Ahhhh-tishooooo!

For hay fever sufferers, this can be one of the most miserable times of the year, thanks to grasses and trees that produce vast quantities of wind-borne pollen. Nevertheless, pollen grains are beautiful natural objects. The pollen grains above belong to a tropical plant called cup-and-saucer vine Cobaea scandens, which is pollinated by bats rather than by wind (do bats suffer from hay fever? Probably not...).

I stained the pollen with a fluorescent dye called acridine orange, which binds to the surface of the pollen grain and fluoresces yellow when you shine blue light on it - revealing this exquisite pattern of hexagons and pores (showing green here). Each pollen grain is about one fifth of a millimetre in diameter. Plant genera can often be identified by the distinctive pattern on their surface.

The outer surface of pollen is full of minute pits and chambers that contain proteins that allow a plant to recognise pollen of its own species when it lands on its stigma, and reject foreign pollen. It's these proteins that quite literally get up your nose, trigger an allergenic reaction and set you off sniffing and sneezing.

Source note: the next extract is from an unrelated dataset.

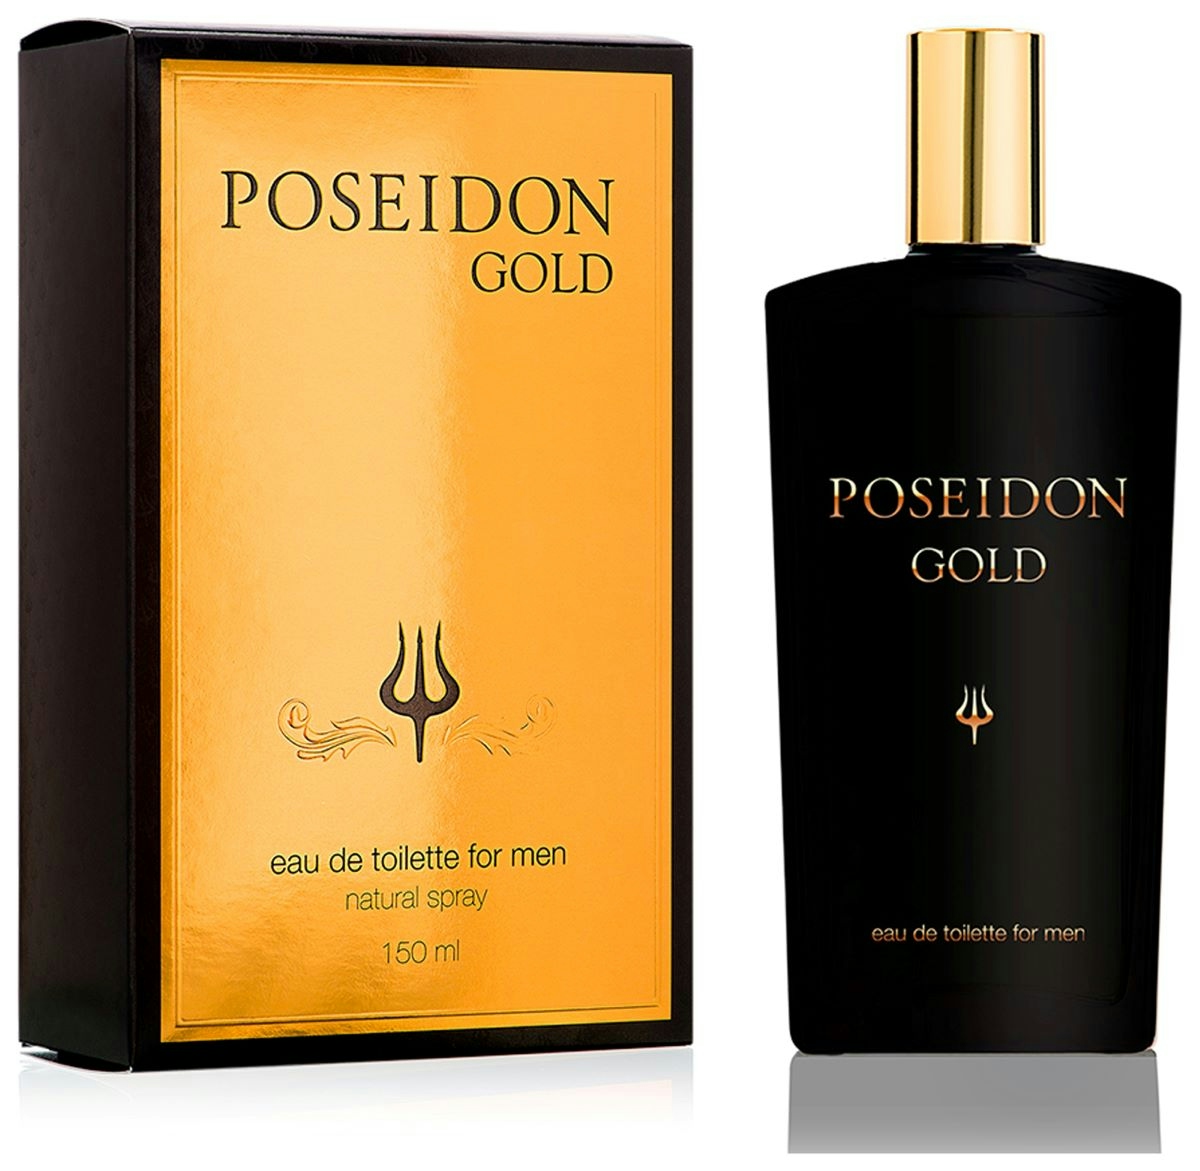 Colonia gold POSEIDON for men frasco 150 ml

The outer casing (known as the exine) is made up of a polymer called sporopollenin, which is incredibly resistant to biodegradation - which is why palaeobotanists can recover ancient pollen samples from deep in peat bogs and lake beds and extract and identify pollen samples from plants that grew there tens of thousands of years ago. It's a branch of botany that has given some very useful insights into how plant species distributions have changed during periods of rapid climate change, like the one we are experiencing now: studying the past in this way gives an insight in what is likely to happen to plant species in the future.

Since the exine of pollen is so resilient, it passes through the gut of insects unharmed, although the pollen contents are digested. Yes, that little white speck on this bumblebee's tail is bee-poo, made up of empty exines of pollen that it has eaten. Many hoverflies feed almost exclusive on pollen, leaving little piles of hoverfly poo on leaves, and I know of at least one enterprising entomologist who has collected and analysed this, in order to study hoverfly's pollen diet.

During the Vietnam war Yellow Rain - yellow specks coating plants in the jungle - was believed to be the result of Communist chemical warfare. Subsequent anaysis showed that it was bee faeces, produced by vast swarms of bees that sometimes rose into the air and defecated in unison.

Welsh Poppy

Welsh poppy Meconopsis cambrica has spread all over my garden in recent years, seeding itself in all sorts of unlikely places, including the inside of my greenhouse. It’s a prolific seed producer. Its ring of stamens produces a large amount of pollen (top picture) which is a great attraction for the hoverflies that fed on this and transfer some pollen to the stigma, where it germinates. In the second and third pictures down you can see the glassy finger-like structures (papillae) that cover the stigma, where the pollen grains stick and germinate. The pollen tube that they produce penetrates these stigmatic papillae and grows downwards towards the ovules that you can see in the vertically sectioned flower in the fourth photograph. In the bottom photograph you can just make out the patterning on the glassy ovules which will develop on the seed coat, once the pollen tubes reach and fertilised them.

Foxtail’s Filters

Take a close look at meadow foxtail grass’s flower spikes in spring and you’ll find that the youngest have just begun to produce their feathery white stigmas (bottom photo), while more advanced flower spikes are releasing pollen from their dangling stamens (second up from the bottom). Under the microscope the stigmas are revealed at feathery combs of transparent cells whose job is to filter out the airborne pollen (third photo from bottom, x100). Once they’ve trapped a pollen grain it germinates, producing a pollen tube that grows down through the stigma cells (top photo x400), carrying the male cells down to the egg cells in the flower ovary, where they fuse together and begin the process of seed formation. In the top photo you can see the pollen tube emerging from the germinating spherical pollen grain and growing down through a branch of the feathery stigma. There's more on meadow foxtail grass on my other blog at http://cabinetofcuriosities-greenfingers.blogspot.com/

Blowin’ in the Wind

The male cones of Scots pine are just beginning to release their pollen now, and if you give a branch with ripe pollen sacs a sharp tap it will more or less disappear in a cloud of pollen. Conifers depend on the wind to deliver their pollen, so tend to produce vast quantities of the stuff to ensure that at least a few pollen grains make the successful journey to an ovule, fertilise it and produce a seed. The studio shot of larch pollen here (middle picture), with the yellow pollen sacs releasing pollen that’s landing on the pink young female cone, where the seeds will eventually develop, gives a false impression of the likely success rate. The chance of an individual pollen grain effecting a fertilisation is probably one in several million. The longer the pollen stays aloft, the better its chance in this lottery, so conifer pollen is slung between two balloon-like air sacs that increase its aerial buoyancy. You can see these in the top two microscope photos, at x100 and x400 magnification. They certainly seem to do the job- researchers have collected pine pollen from North American conifer forests on sticky traps mounted on weather ships in mid-Atlantic.